DSB Technology – Higher Performance, More Resiliency

A month ago, I described the DSB’s preparations for what turned out to be a very successful industry load test on 6th – 7th April, the results of which we published last week. Based on that success, we promoted the new high performance code base into production on 22 April.

In this blog, I will examine the performance of the system in Production, before and after the upgrade, to understand the impact of the change to the system.

Java Garbage Collection Pause Times

Regular followers of the DSB will know that there were three outages of a total of 132 minutes across the first 6 months of the DSB’s operation (incidentally, all this data and more is available on the DSB’s operational status page). The root cause analysis of each was Garbage Collection (GC) inthe DSB’s open-source SOLR component as described at the bottom of the operational status page.

So let’s see how much improvement has occurred as a result of the codebase upgrade.

This chart shows that the production environment experienced a dramatic 10x improvement in GC pause times as a result of the new version, from approx 0.6 seconds down to approx 0.06 seconds over the course of a week. Additionally, GC ‘jitter’ has also substantially reduced, providing greater consistency of performance to user queries.

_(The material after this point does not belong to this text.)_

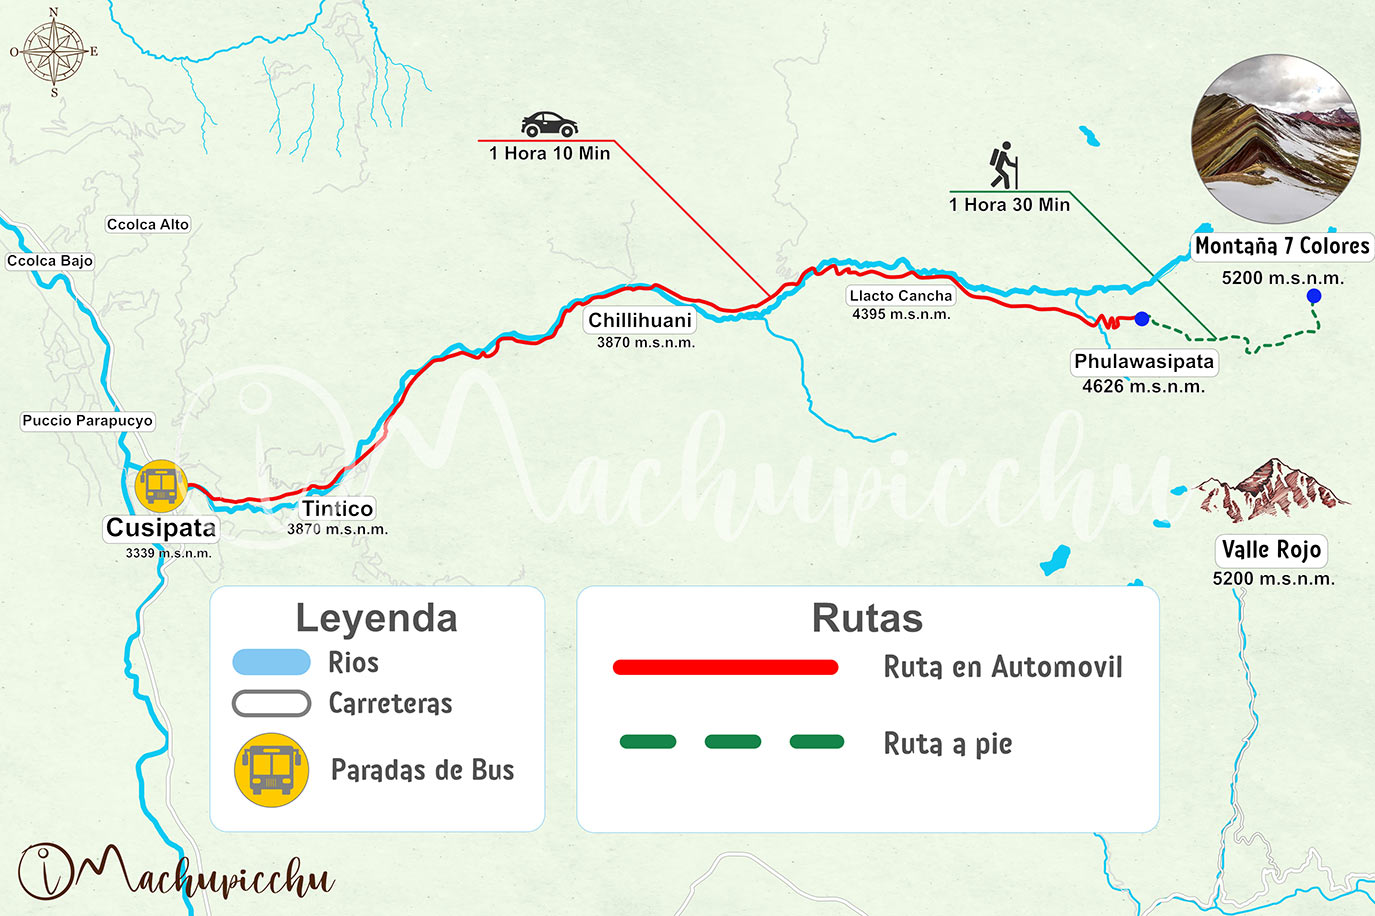 Mountain 7 Colors route map

So why are GC pause times so much better than before? Java performance tuning experts will know that the pauses are due to time needed for memory clean-up as a result of object creation. i.e. the speed with which the Java memory ‘heap’ grows is a major contributory factor to the GC pause time. This chart shows an equally dramatic 5x efficiency gain in memory heap growth from the new codebase:

Incidently, the shape of the memory growth in the above chart is typical of all Java applications: the memory ‘heap’ grows until garbage collection kicks in and frees up some old ‘dead’ objects (aka ‘garbage’) thereby reducing the heap size. Whilst it looks as if the new codebase does not have the same memory profile, in actual fact it does, and it can just about be discerned in the above chart, showing an ever so slight increase in heap size throughout the week.

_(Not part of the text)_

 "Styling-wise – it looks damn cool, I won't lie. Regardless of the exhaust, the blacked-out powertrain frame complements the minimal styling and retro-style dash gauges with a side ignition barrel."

The below chart shows this in more detail (it is just a scaled up version of the above chart, focusing on the new codebase only):

Impact on Latency

So what has been the impact of this change on the processing time of user messages (aka latency)? The table below shows the latency experience for FIX API users over two weeks, covering both the periods before the upgrade and after. It shows a 5x-10x improvement in performance, and critically, brings the DSB back within its performance SLA of processing 99% of all user messages within 1,000ms:

Date per day  50th percentile of latency (ms)  90th percentile of latency (ms)  99th percentile of latency (ms) 
April 16th 2018 325 1,108 2,226
April 17th 2018 352 1,150 2,293
April 18th 2018 354 1,223 2,413
April 19th 2018 354 1,225 2,392
April 20th 2018 335 1,149 2,259
NEW CODEBASE
April 23rd 2018 46 147 240
April 24th 2018 44 146 214
April 25th 2018 38 138 207
April 26th 2018 47 146 209
April 27th 2018 115 137 198

The intra-day chart below shows the same 5x-10x improvement in latency within the ISIN Engine core as well as the major reduction in latency jitter:

A technical note for the sharp-eyed amongst you: the above chart is the latency within the core and not end-to-end latency. It is also average latency not median or 99 percentile.

Finally, we should also examine the volume of events being processed across the two weeks, just in case the better performance was partially or fully due to lower volumes. This chart shows that the opposite was the case: last week had higher peaks than the week before, with the system at peak handling a million events per hour without breaking into a sweat (note that each user message translates into multiple events):

Next Steps

Firstly, if you or your firm find this kind of technology-related information useful and you wish to provide input into the DSB’s technology strategy, then you have the opportunity to participate in the DSB Technology Advisory Committee by emailing the secretariat@anna-dsb.com. This opportunity will close once the committee is formed in May, so please do contact us soon.

With the technology platform of the DSB now in a state of high-performance tune, our focus will move to product and usability enhancements as well as process improvements to continue to increase our transparency and engagement with industry.

 

Sassan Danesh, Management Team, DSB.